The UK Department for International Trade used this year’s Game Developers Conference as a backdrop for the promotion of their games fund – calling the UK “one of the most flourishing game developing ecosystems in the world.” The UK Games Fund allows for both local and foreign-owned gaming companies with a presence in the UK to apply for tax breaks. And ever since France announced their fund, more and more people have begun encouraging the British government to expand their program saying that the UK gaming ecosystem should be “retained and enhanced”. But, not only does the government take gaming seriously, the Queen does as well. In 2008, David Darling the CEO of hyper-casual game studio Kwalee was made a Commander of the Order of the British Empire (CBE) for his services to the games industry. CBE is the third-highest honor the Queen can bestow on a British citizen.
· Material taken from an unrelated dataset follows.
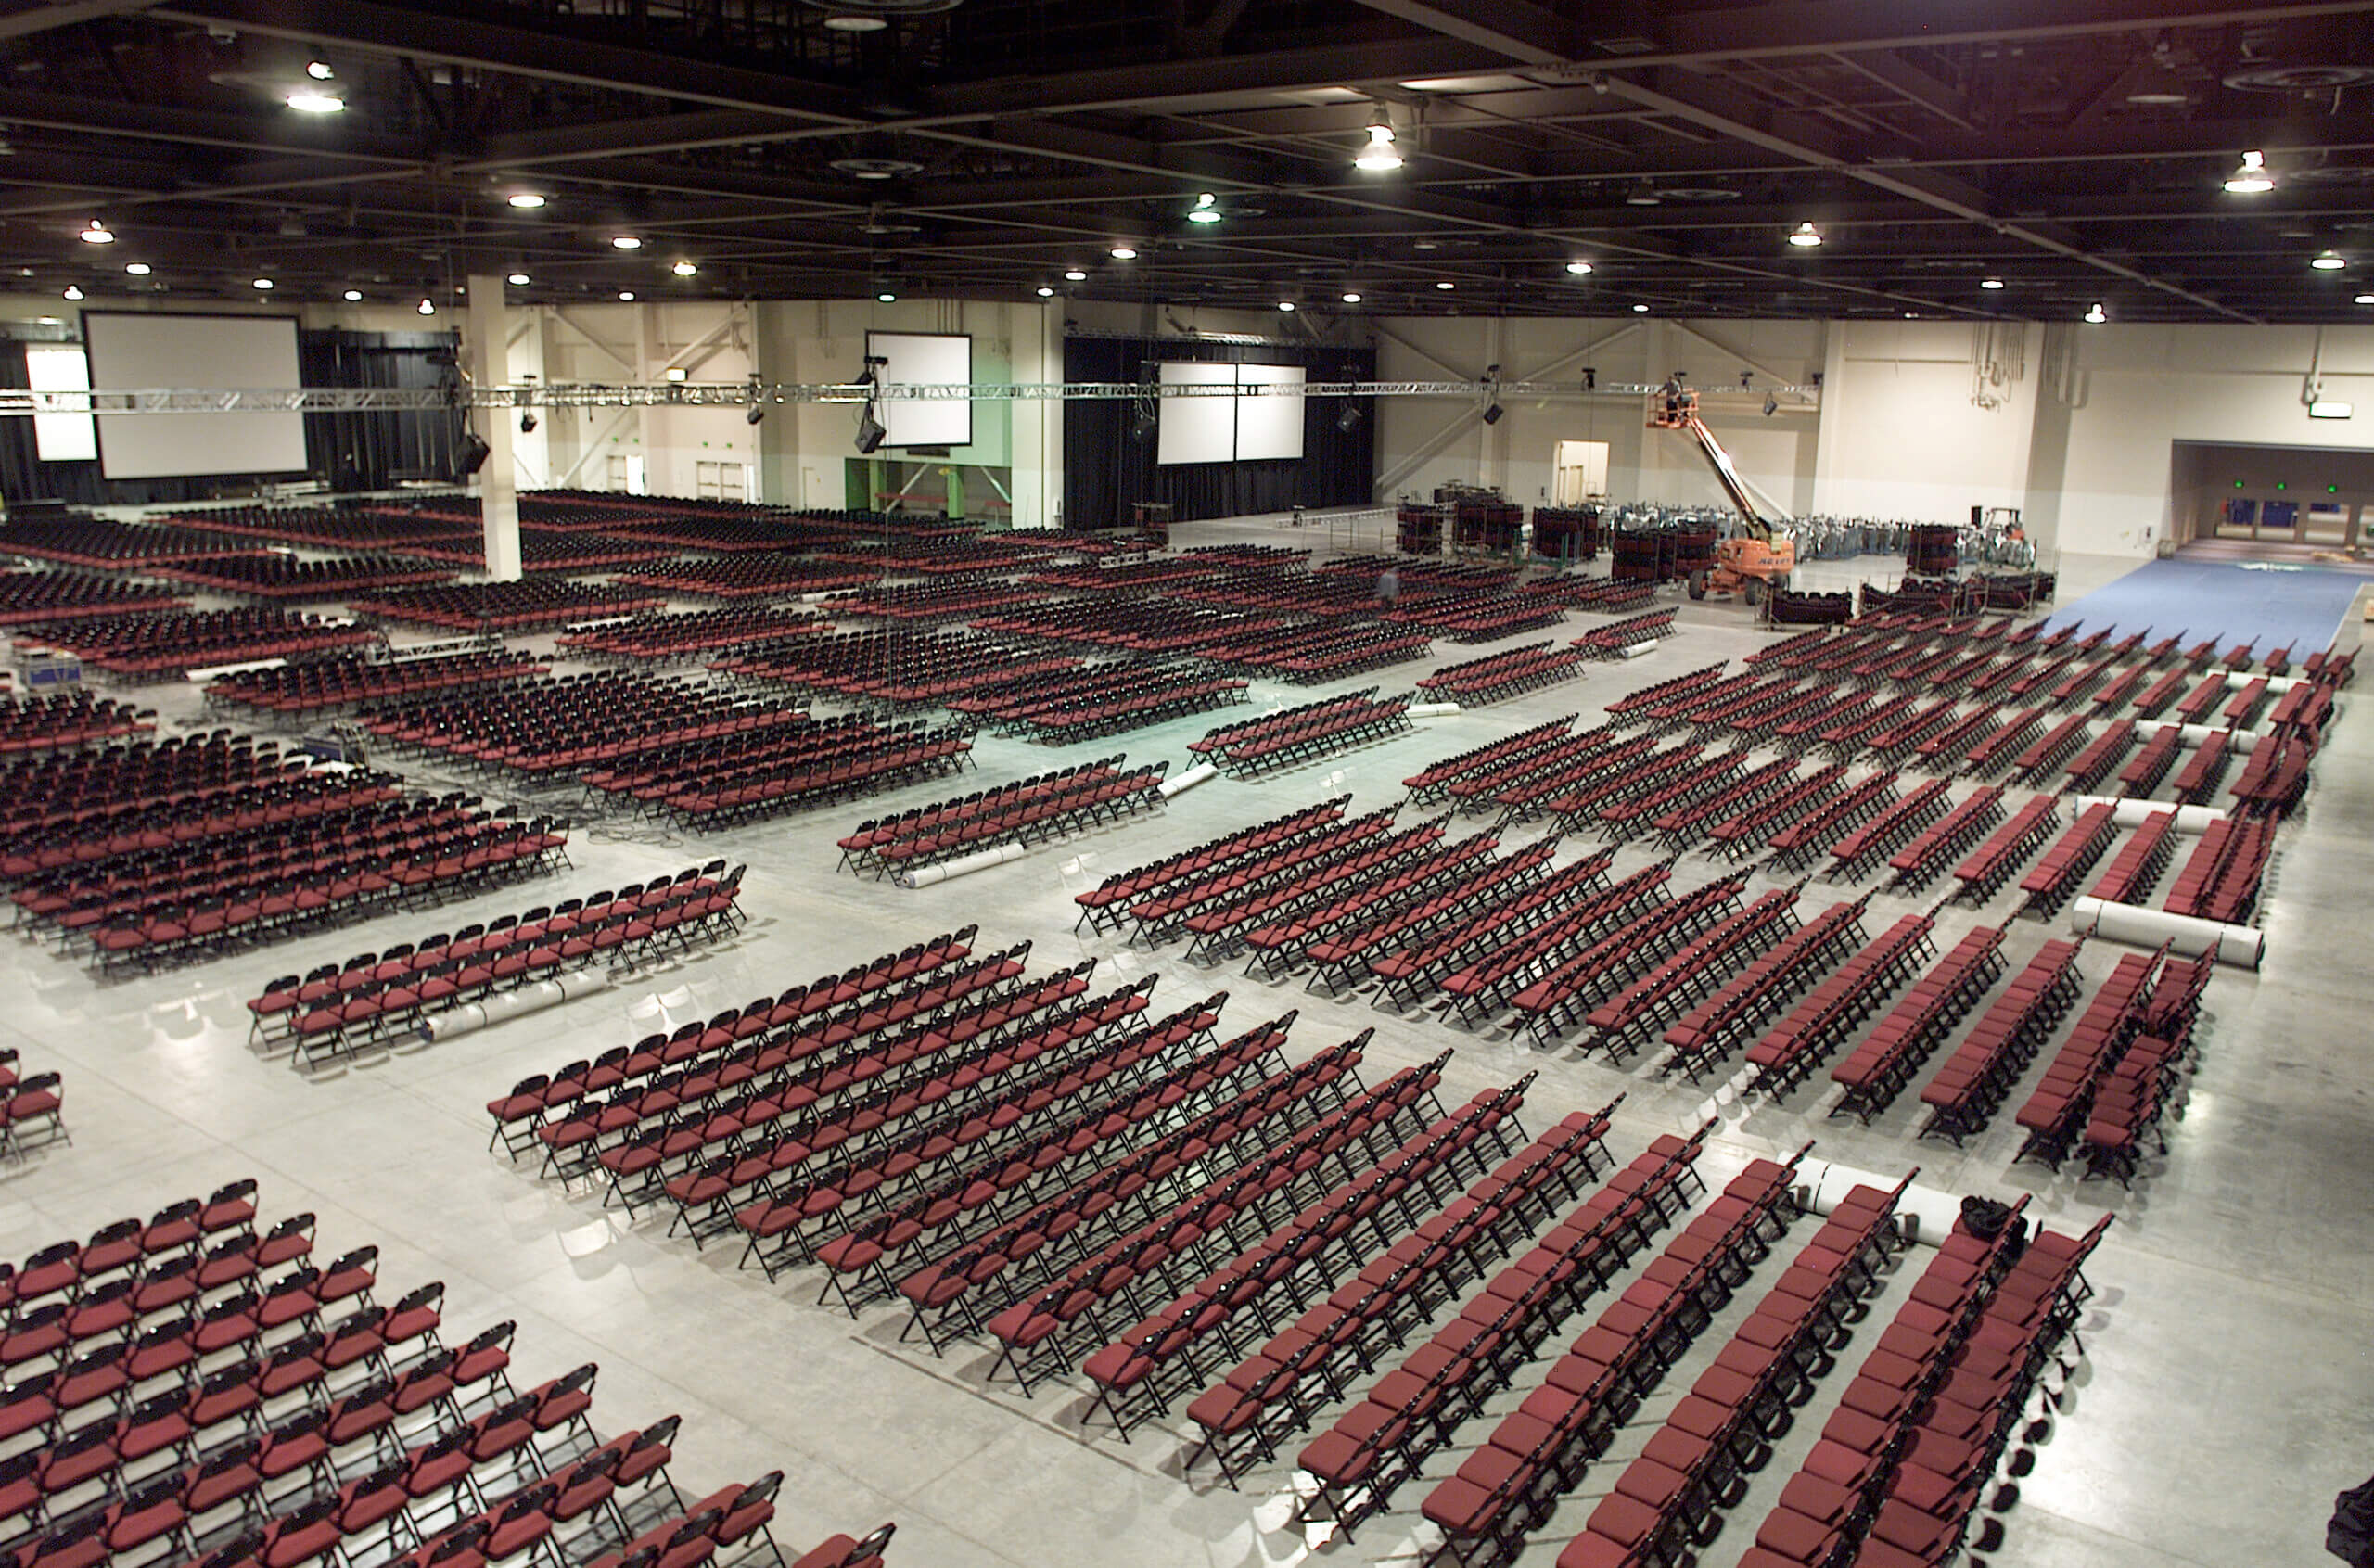 Behind the Scenes at the Reno-Sparks Convention Center

Over to Germany, and the government has allocated 50M euros of its 2019 budget for the creation of a games fund. In Sweden, the Sweden Game Arena is a public-private partnership that helps students develop games using government-funded offices and equipment. It also links students and startups with established companies and investors. While these numbers dwarf the investment of more commercial or financial players, the sudden uptick in interest governments are paying to the game space indicate just how exciting and lucrative gaming has become.

Support is coming from all levels

The evolution of investment in the gaming space is indicative of the stratospheric growth, massive revenue, strong user engagement, and extensive demographic and geographic reach of mobile gaming. With the global games industry projected to be worth a quarter of a trillion dollars by 2023, it comes as no surprise that the diverse players globally have finally realized its true potential and have embraced the gaming ecosystem as a whole.